[EXERCISE BRIEF]
Give the listing again exactly, omitting its images.

[GIVEN MATERIAL]
_ _ _ _ _ _ _

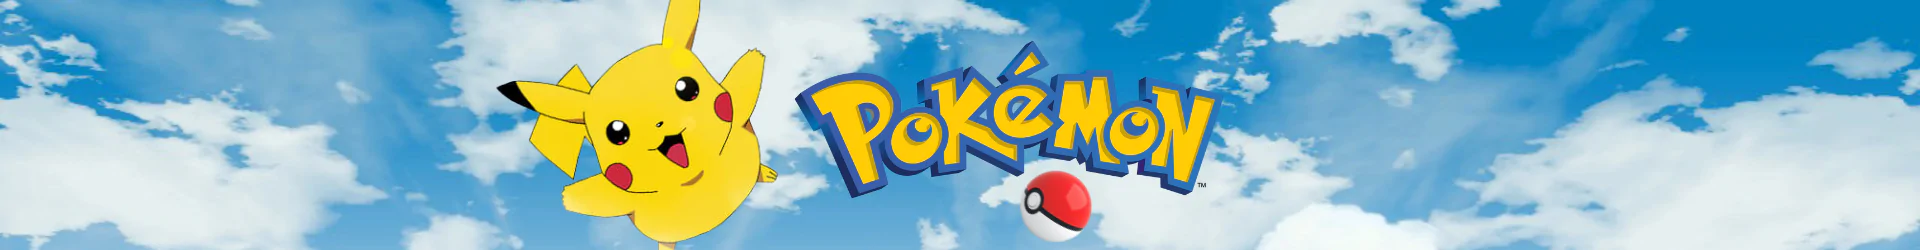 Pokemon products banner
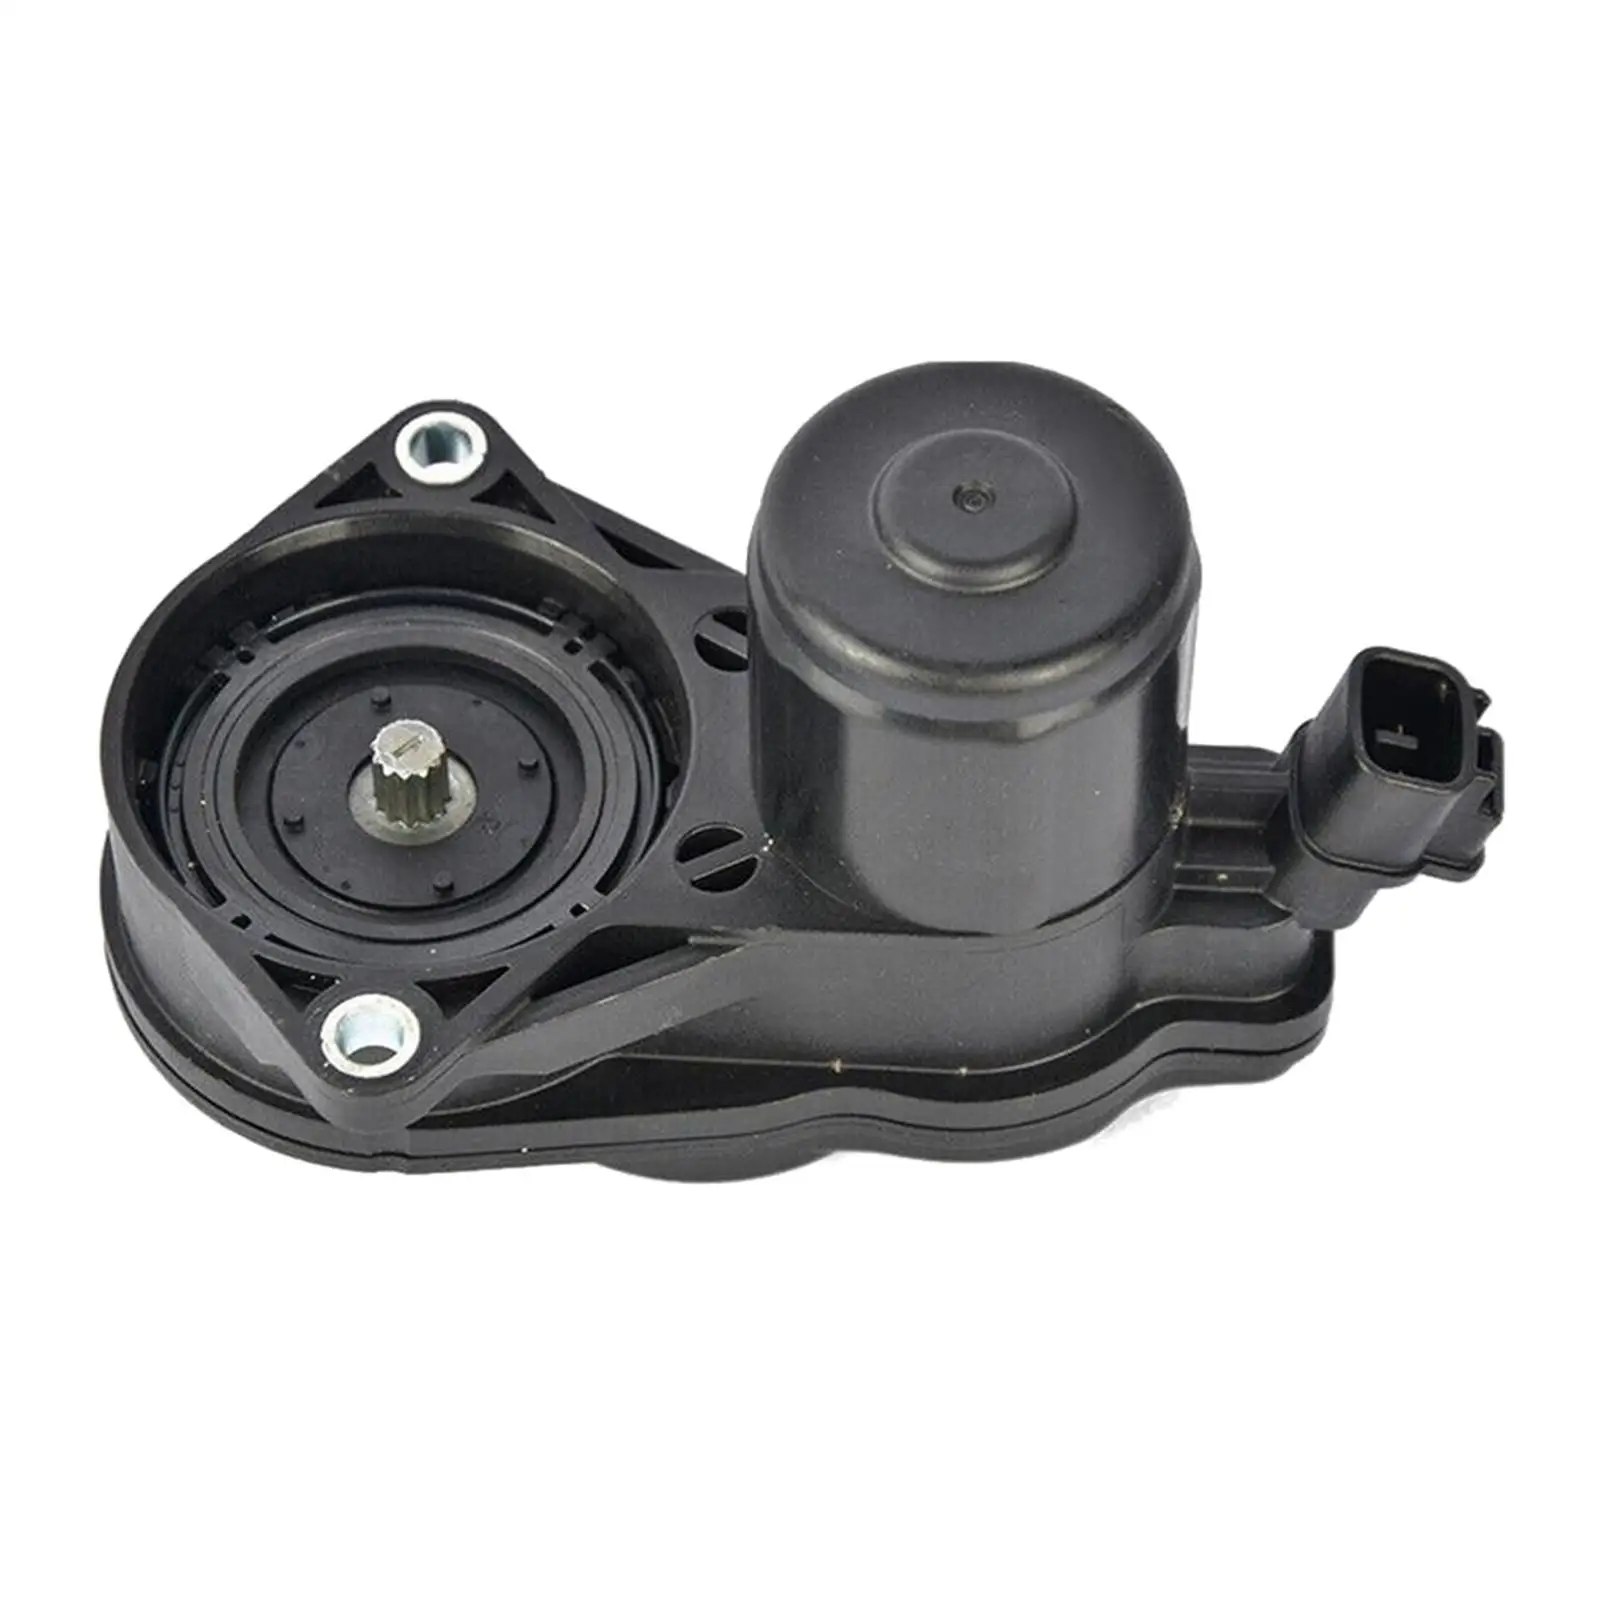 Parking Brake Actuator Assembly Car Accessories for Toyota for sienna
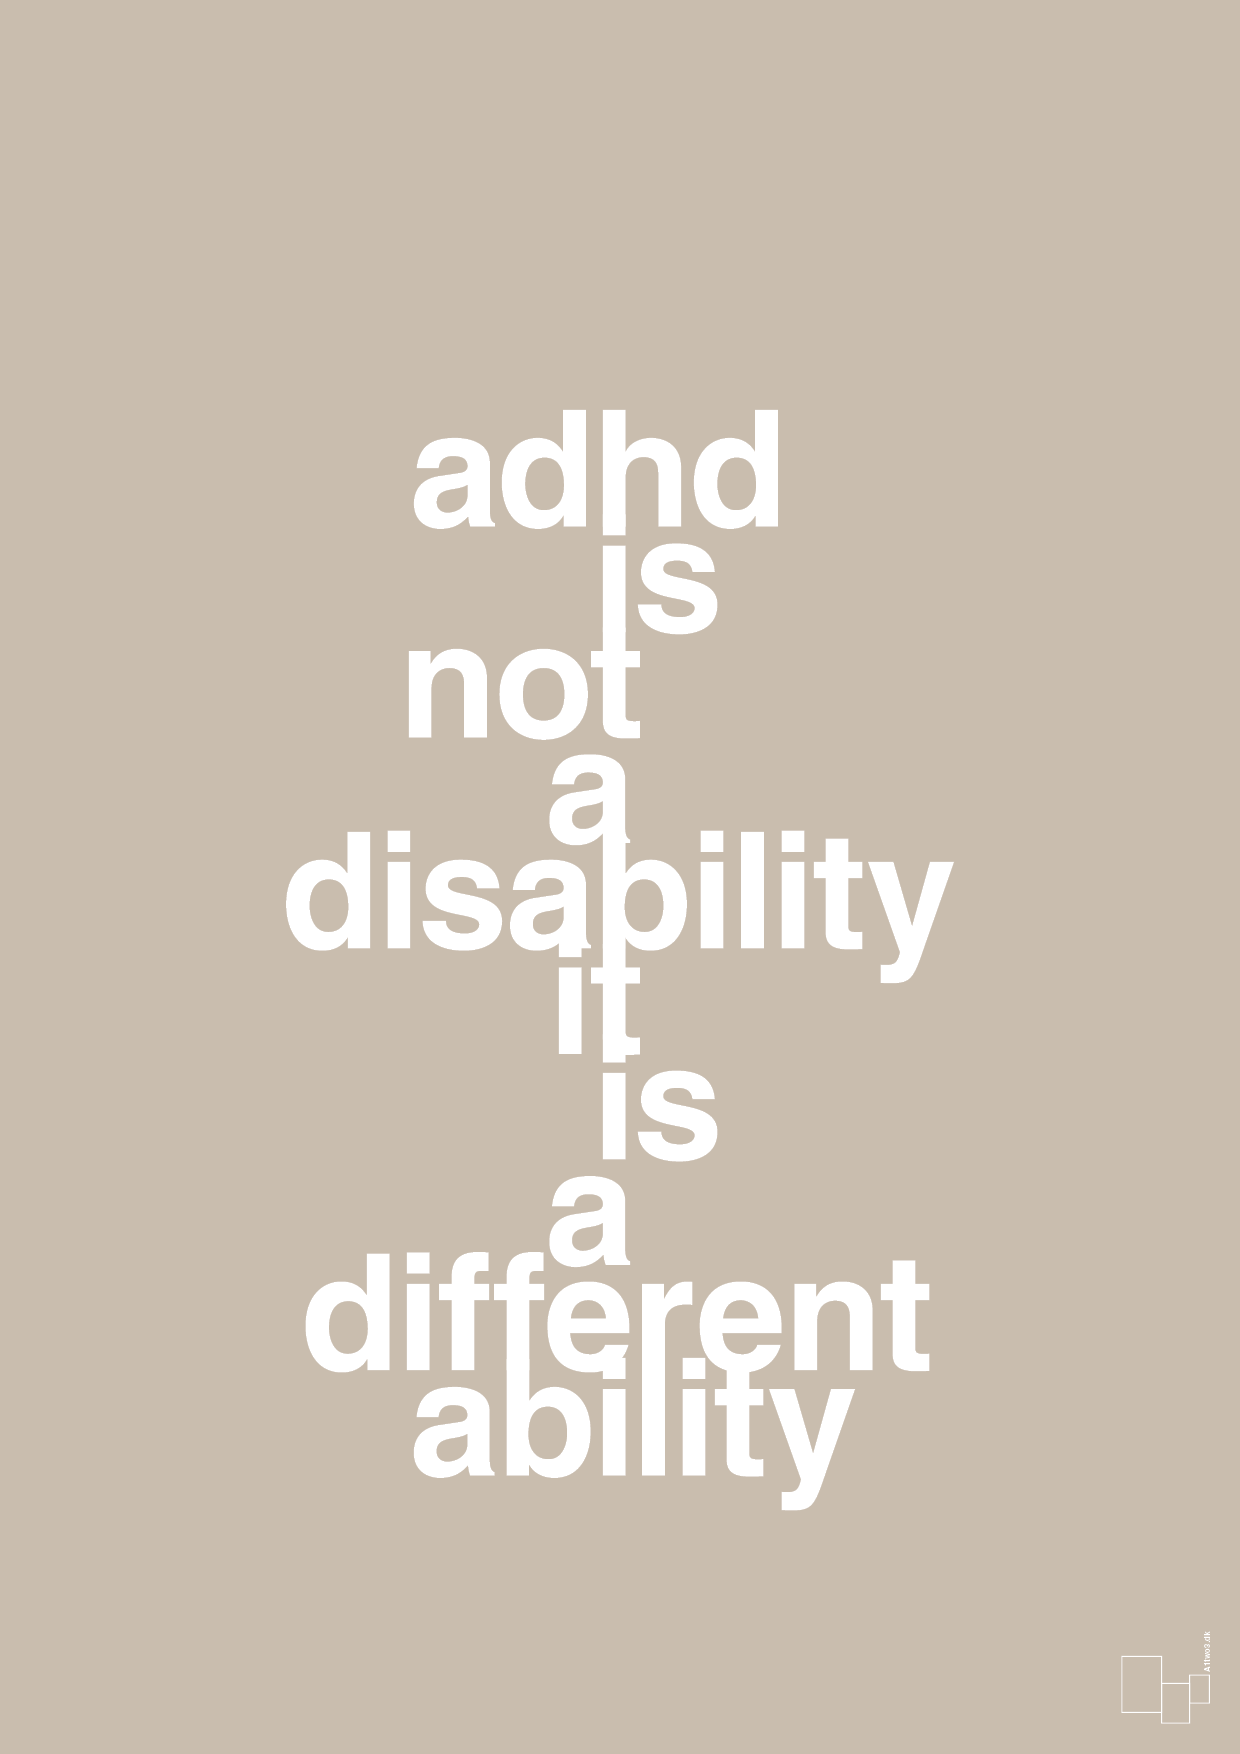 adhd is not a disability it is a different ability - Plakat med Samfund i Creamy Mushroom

_ _ _ _ _ _ _

[SOLUTION FOR THIS TASK]
 Pokemon products banner
 Parking Brake Actuator Assembly Car Accessories for Toyota for sienna
 adhd is not a disability it is a different ability - Plakat med Samfund i Creamy Mushroom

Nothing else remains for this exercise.